We climbed into his car, and as soon as he started it up and tried to put it into gear, it became apparent he was too weak to handle the shifting and the braking and the clutch. It was a difficult thing for him to admit, this man who had until recently driven a Yellow Cab for twenty years, who knew every neighborhood, street and blind alley in the whole 49 square miles that makes up the city of San Francisco. We switched places, and I got in the driver's seat, but professing that I had been away too long and the city had changed too much, I made him guide me over the familiar streets from his apartment to Bernal Heights. 

I did manage to parallel park his car, touchy clutch and all, in a tiny spot facing uphill on Cortland Street across from a coffee house where we had espressos and pastry to fortify us before attempting to browse the bookstore. When we finally made our way across the street and into the store, the books seemed to revive him a little, but I could tell he was already exhausted.
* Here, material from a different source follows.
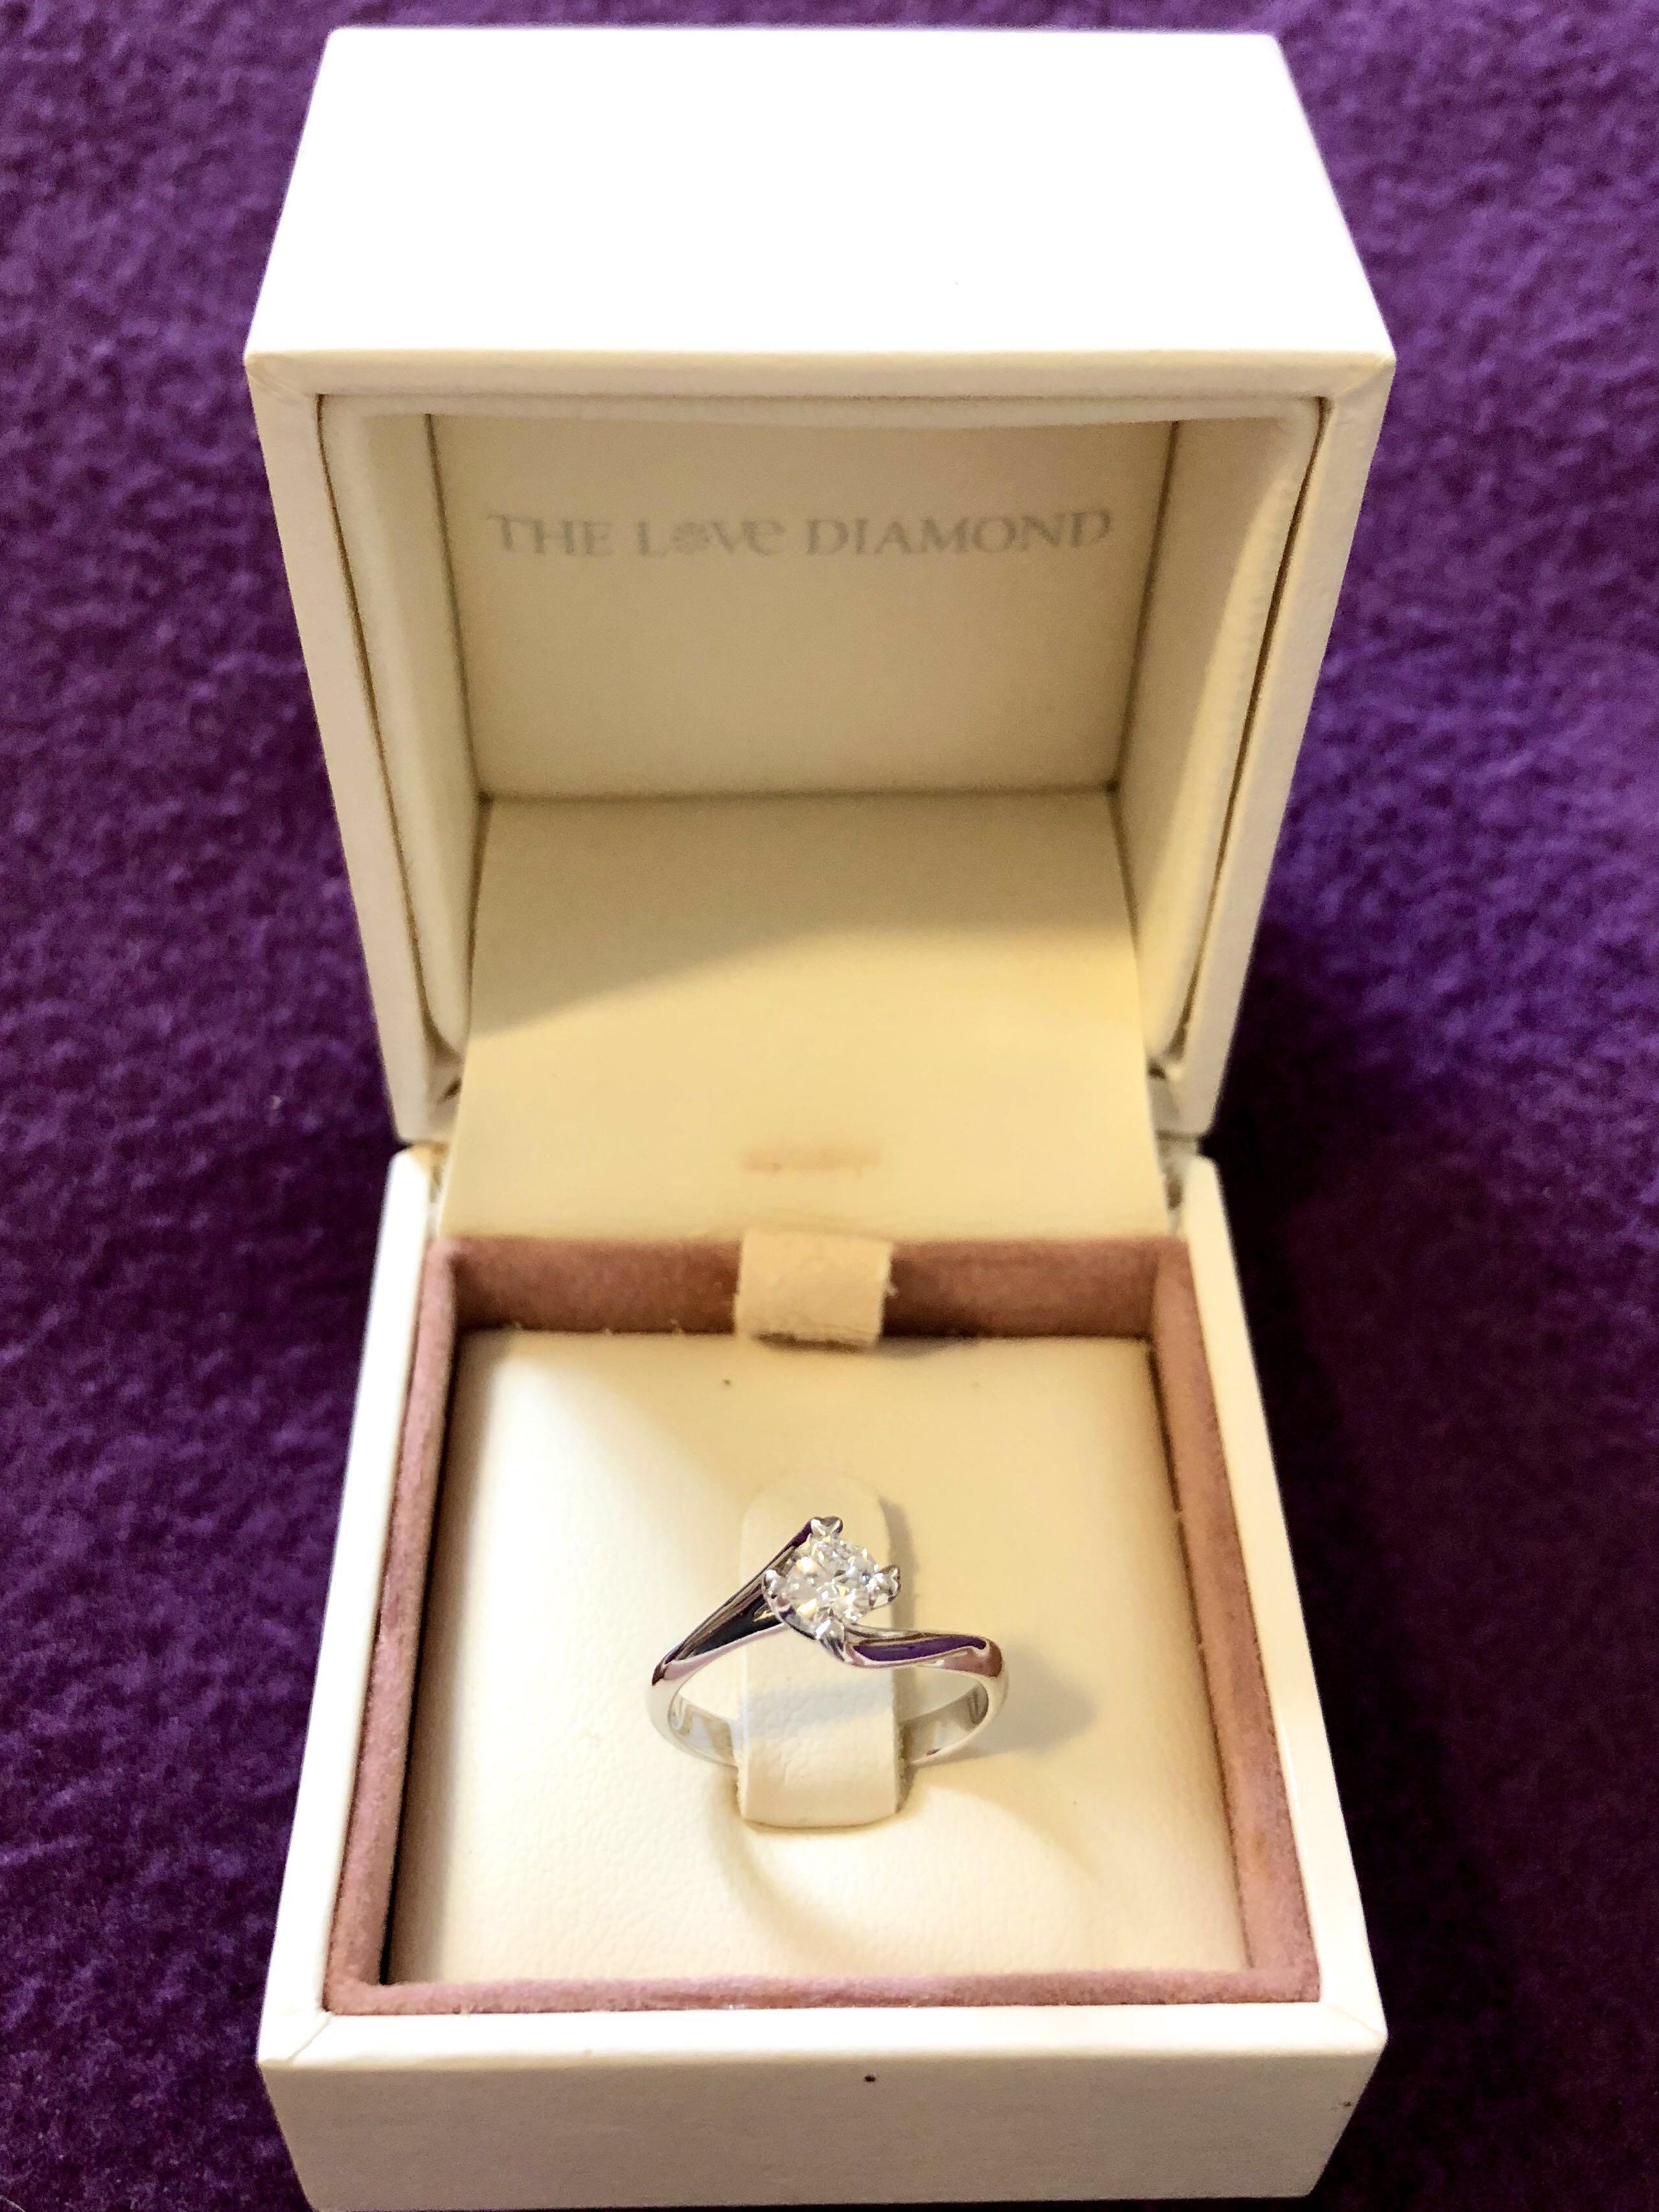 Brand New Genuine The Love Diamond Ring 028 Carat Size 8
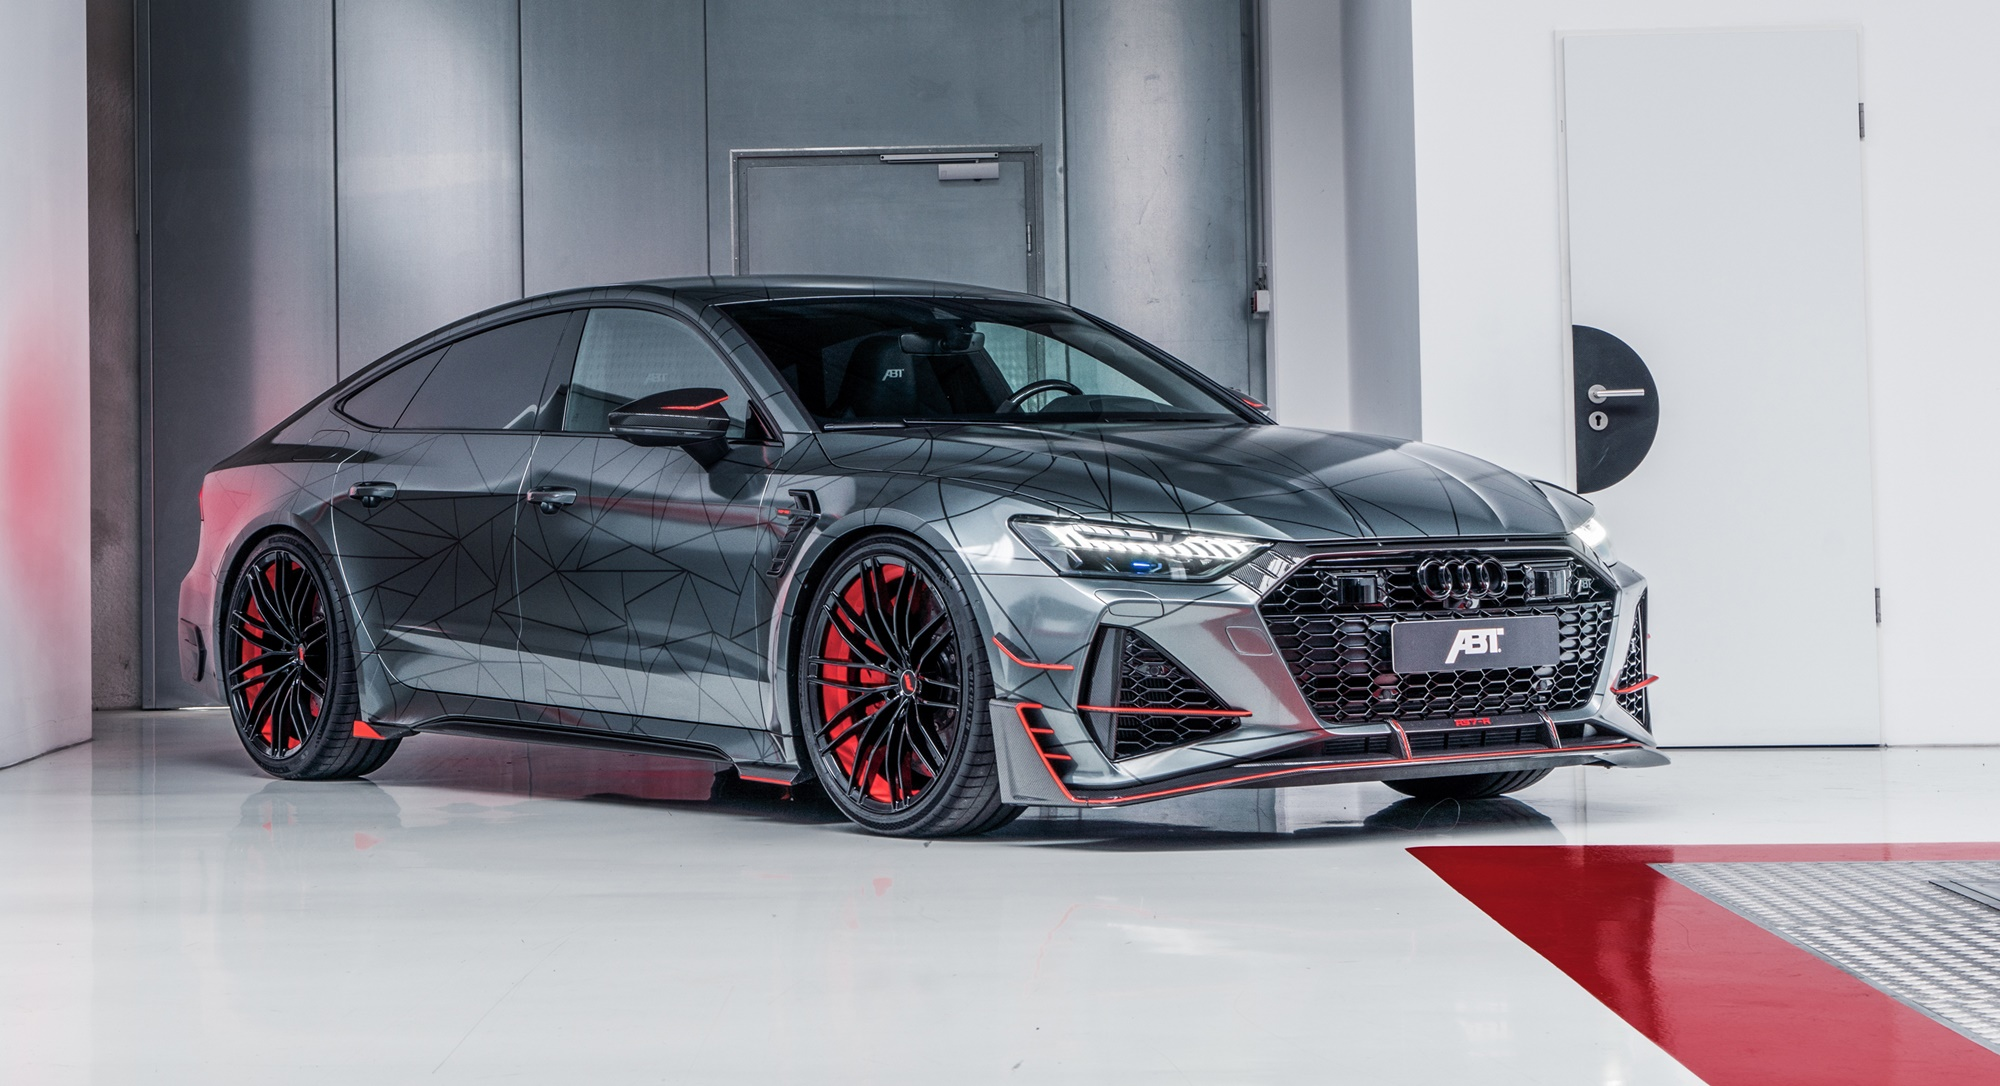 ABT tuned Audi RS7 Twin Turbo naar 730 paardenkracht 8

I remember thinking later how grateful I was that we had that afternoon together.


Weeks later, he lay propped up with pillows in the living room on a rented hospital bed, his feet sticking out from under the  blanket, its light weight too oppressive for his fragile bones.  I remember he wore clean white socks, because the coolness of the slight breeze from the open window cut across his bare skin like a glacier carving a valley across the landscape.  His left arm, by now shrunken and bony, nevertheless still bore a deep tan: the badge of a longtime cabbie. It looked odd now, as if it belonged to someone else.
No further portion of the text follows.